By Timothy Aeppel
(Reuters) – North American companies snapped up a record number of robots in the first half of this year as they struggled to keep factories and warehouses humming in the face of an extremely tight labor market and soaring compensation costs.
Companies ordered a record 12,305 machines in the second quarter valued at $585 million, 25% more units than during the same period a year ago, according to data compiled by the industry group the Association for Advancing Automation. Combined with a strong first quarter, the North American robotics market notched its best first half ever, the group said.
“Companies need to get product out the door — and so they need” new automation, said Jeff Burnstein, president of the Association for Advancing Automation, known as A3.
Eaton Corporation PLC, for example, is working on 150 different robot installations over the next year and a half in its electrical equipment factories in North America.
The incentives for companies to pursue a robot-enhanced workforce are obvious in the current tight labor market. With nearly two open jobs for every unemployed worker, employers are bidding up wages: Total U.S. labor costs – covering wages and benefits – surged 5.1% year over year in the second quarter, the most since the Labor Department began tracking it in 2001.
Yet if robots are designed to make workers more productive, that is not evident so far: Those thick order books come as U.S. productivity fell in the second quarter at its steepest pace on an annualized basis since the government began reporting it in 1948.
One possible explanation is the distortions caused by the COVID-19 pandemic. The crisis saw huge shifts in the workforce, including an exodus of workers during the darkest days of the crisis who are only slowly filtering back into jobs. It is normal for workers to be less productive if they are moving into new careers or changing jobs in their existing fields.
Moreover, much of the latest employment gains have come in lower-productivity service sectors like leisure and hospitality, which also may mask the improvements robots may be making elsewhere.
A3’s Burnstein said it also takes time for companies to fully implement new machinery to maximize its potential. “There’s a learning curve,” he said.
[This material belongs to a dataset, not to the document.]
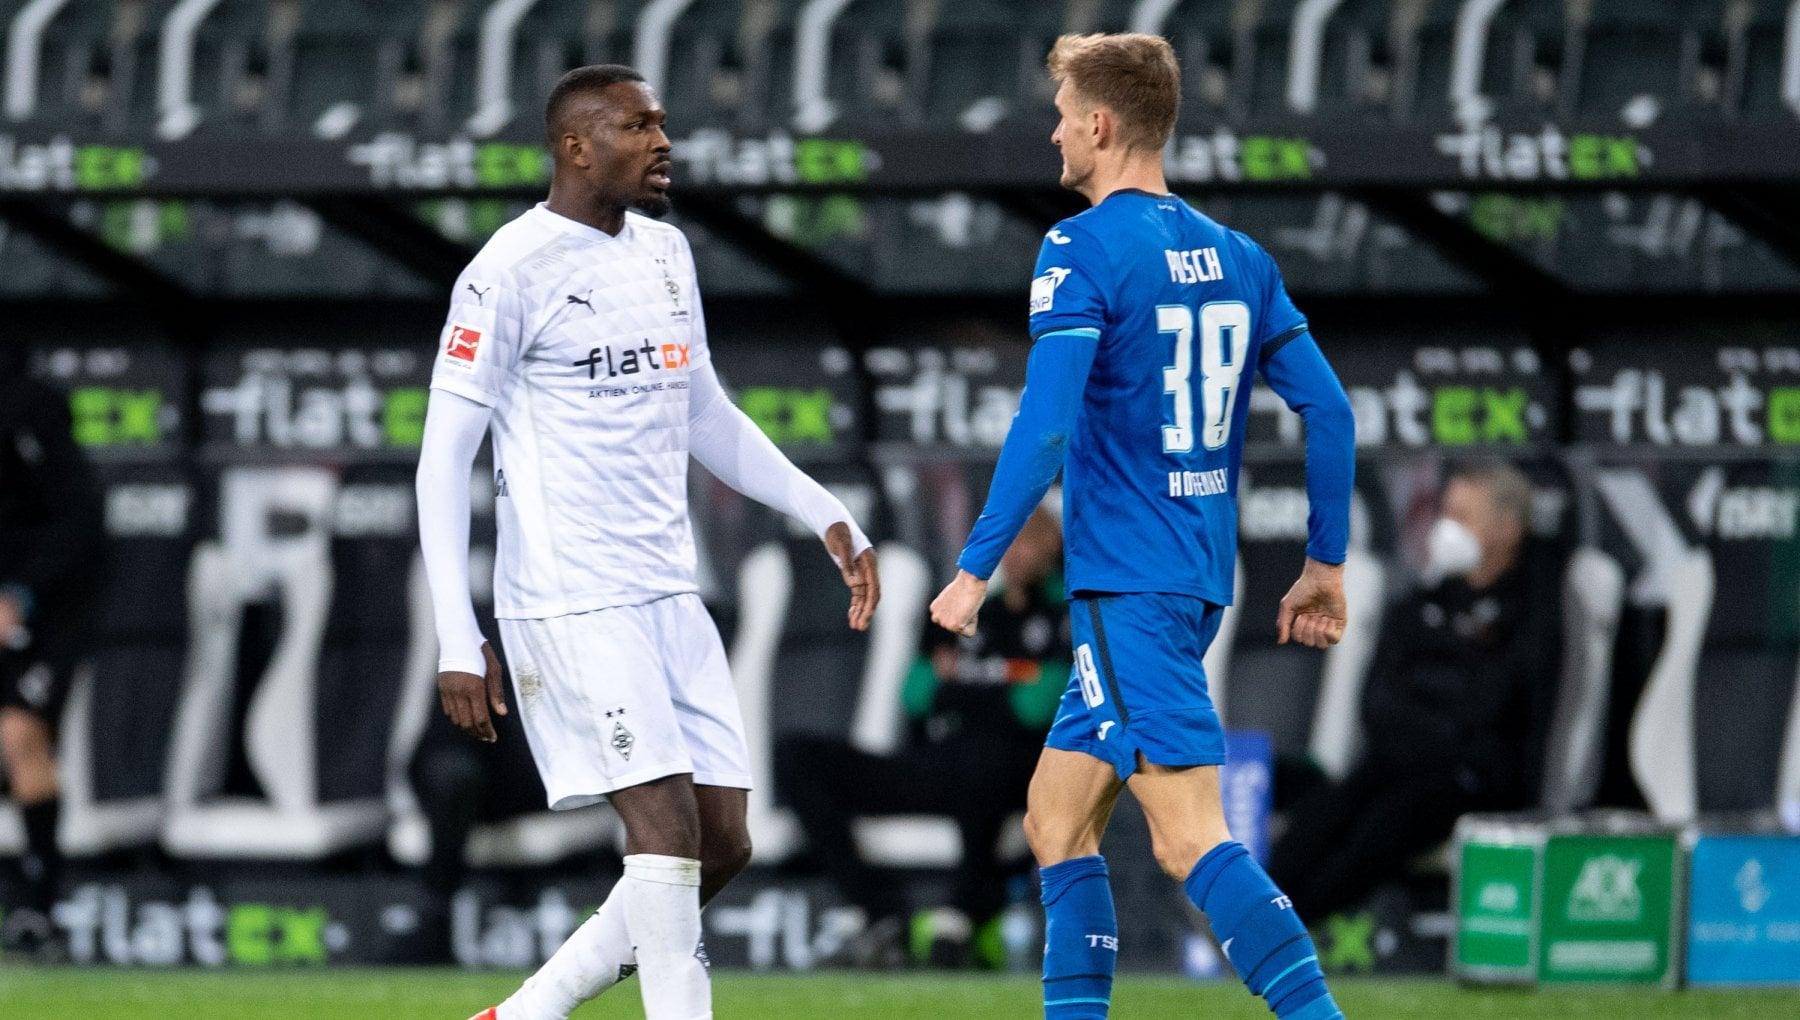 Borussia Moenchengladbach Thuram jr sputa in faccia a un avversario espulso

This is especially true in sectors adopting entirely new technologies, such as the auto industry’s turn toward electric vehicles. A3 found nearly 60% of the robots ordered in the second quarter went to automotive companies.
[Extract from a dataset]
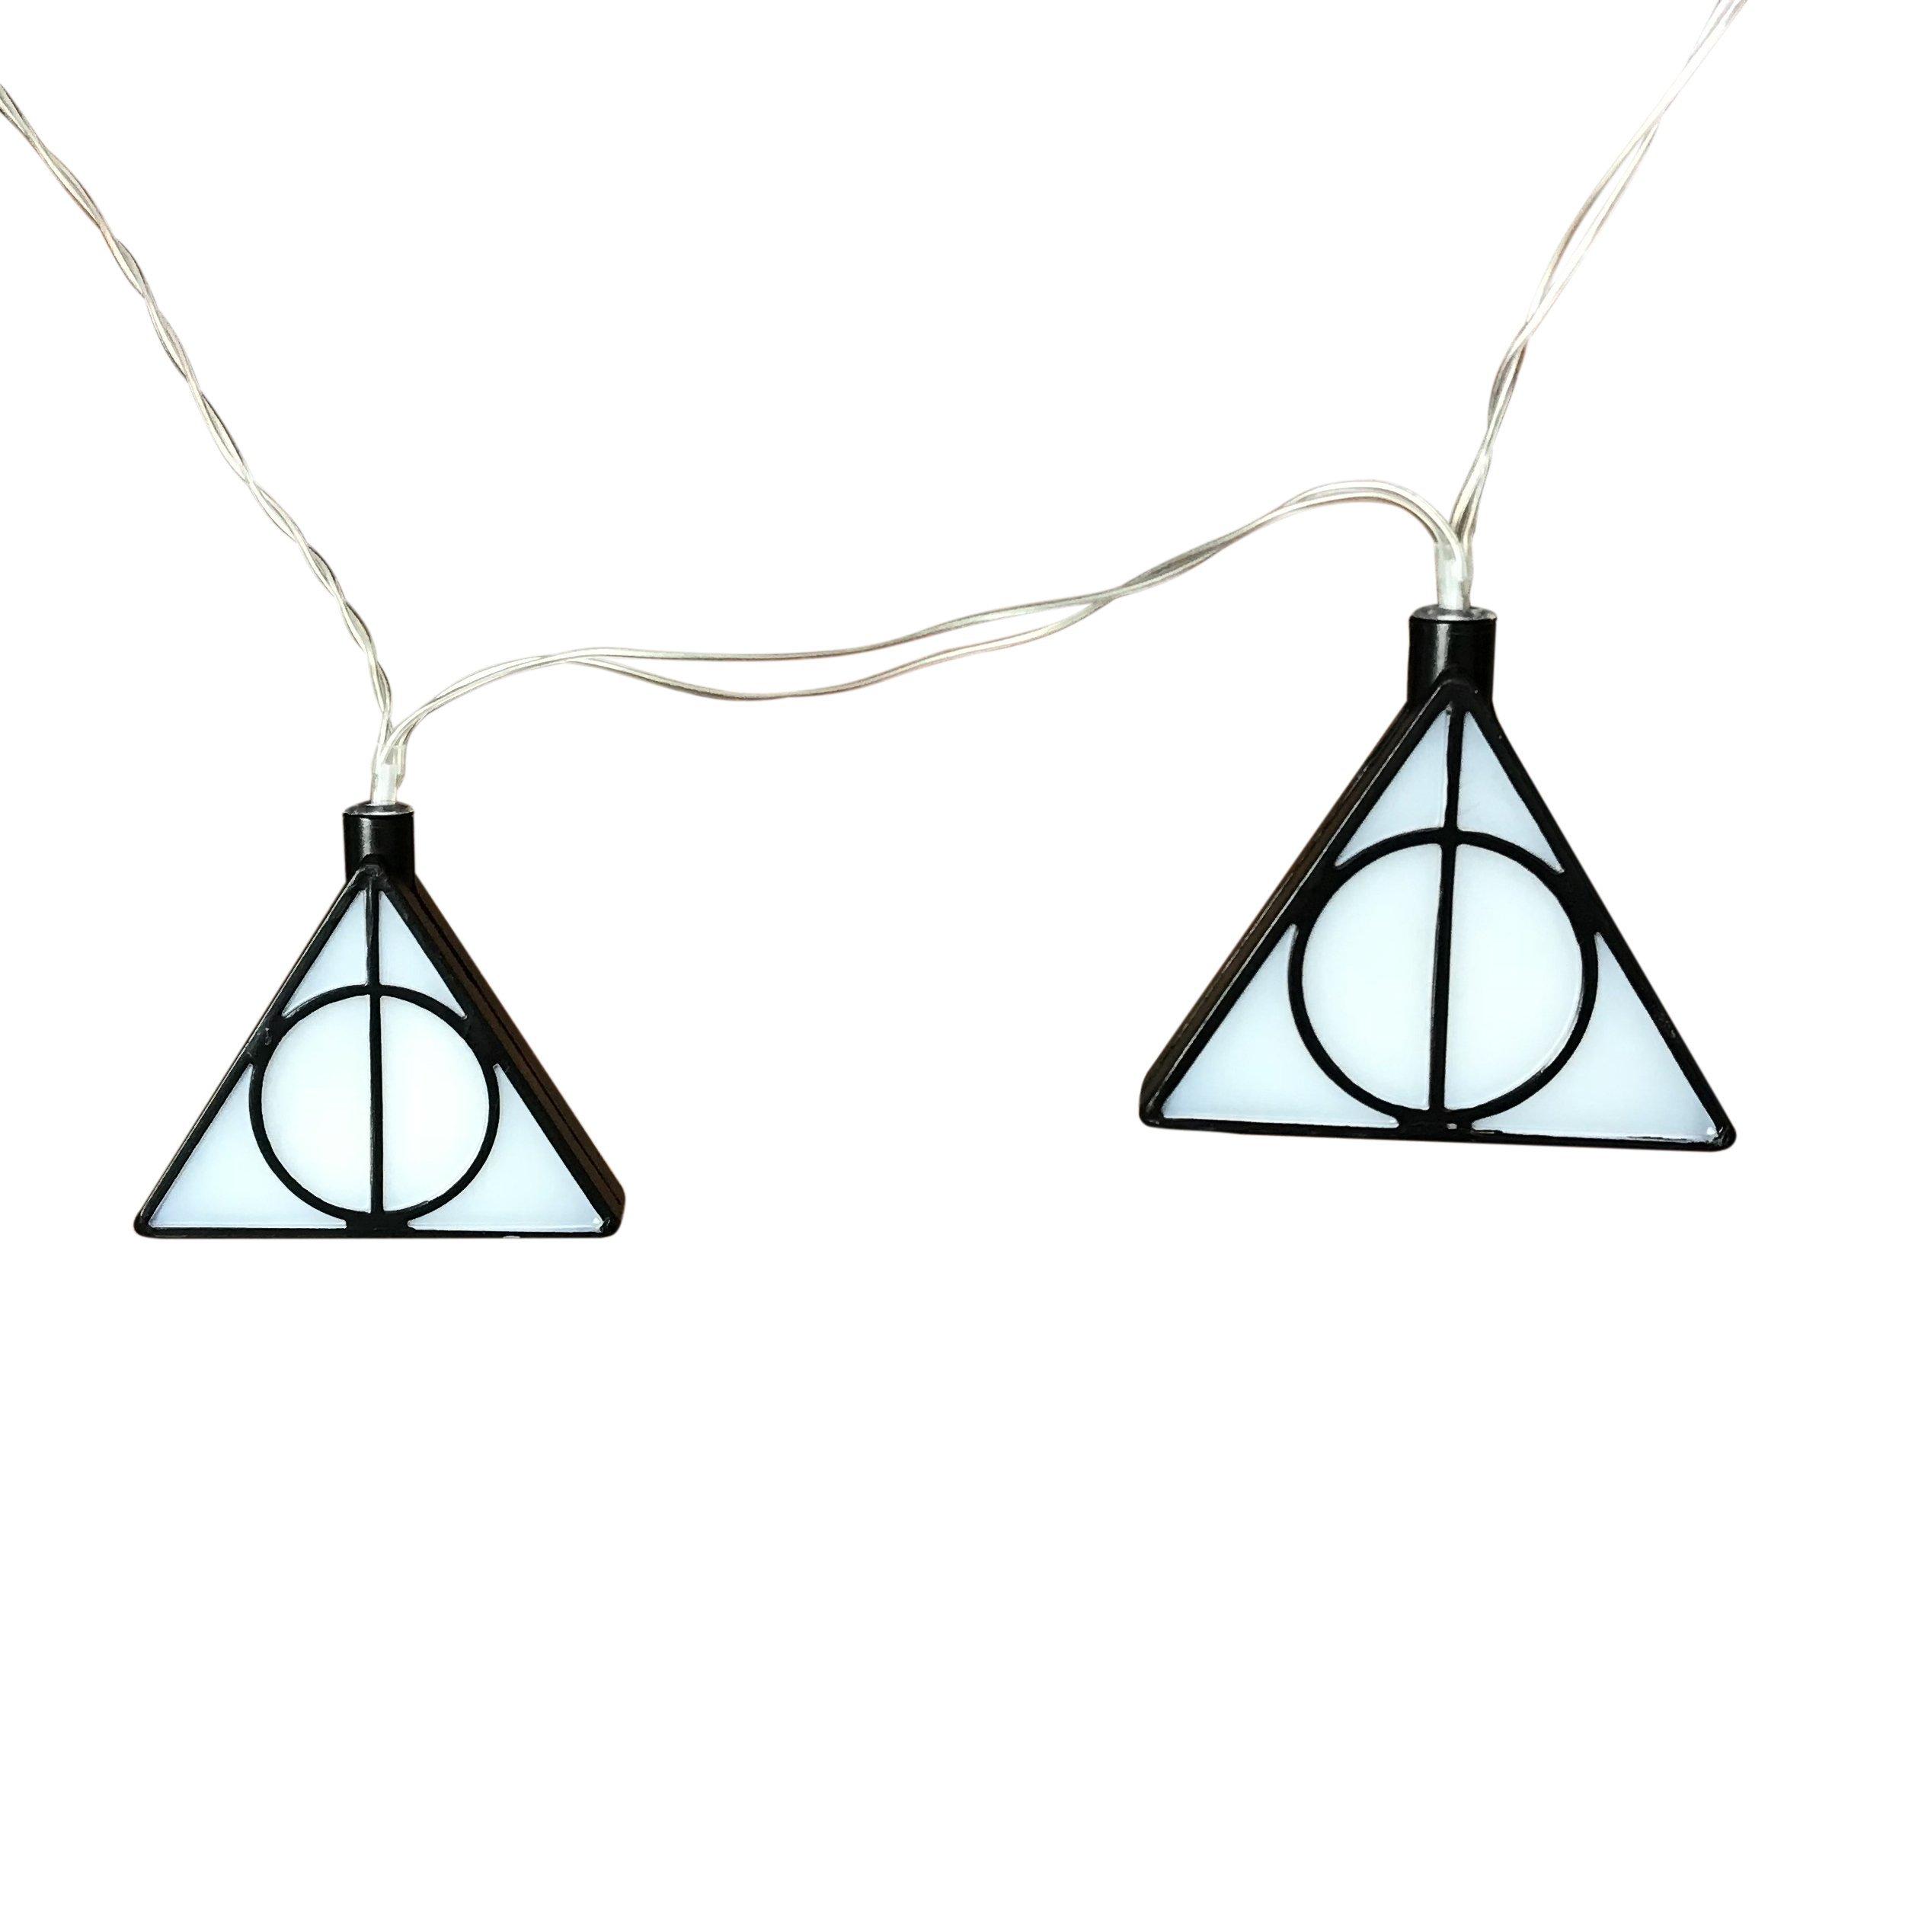 Groovy Uk Deathly Hallows Harry Potter 3D String Lights

Mike Cicco, CEO of FANUC America, the U.S. division of the Japanese robotics manufacturer, estimates half of his industry’s sales to carmakers are currently earmarked for new electric-vehicle factories.
“This is all investment for plants that won’t be up and running for several years now,” he said, so it is not surprising that those robots are not yet contributing to higher productivity.
The rush to add robots is part of a larger upswing in investment as companies seek to keep up with strong demand, which remains elevated even as the Federal Reserve has raised interest rates to rein in inflation.
Knapheide Manufacturing Co is among companies investing in new robots — including a new production line for flatbed truck bodies slated to go into its Quincy, Illinois, factory this year. The new line will use robots to feed steel parts through an automated welding process.
Mike Bovee, the engineer overseeing the installation, said the new robots should help ease a chronic shortage of welders. Knapheide currently recruits those workers from as far away as Texas.
“We’ll always need as many welders as we can find,” he said, but they can be redeployed to other parts of production at the 1,500-worker plant.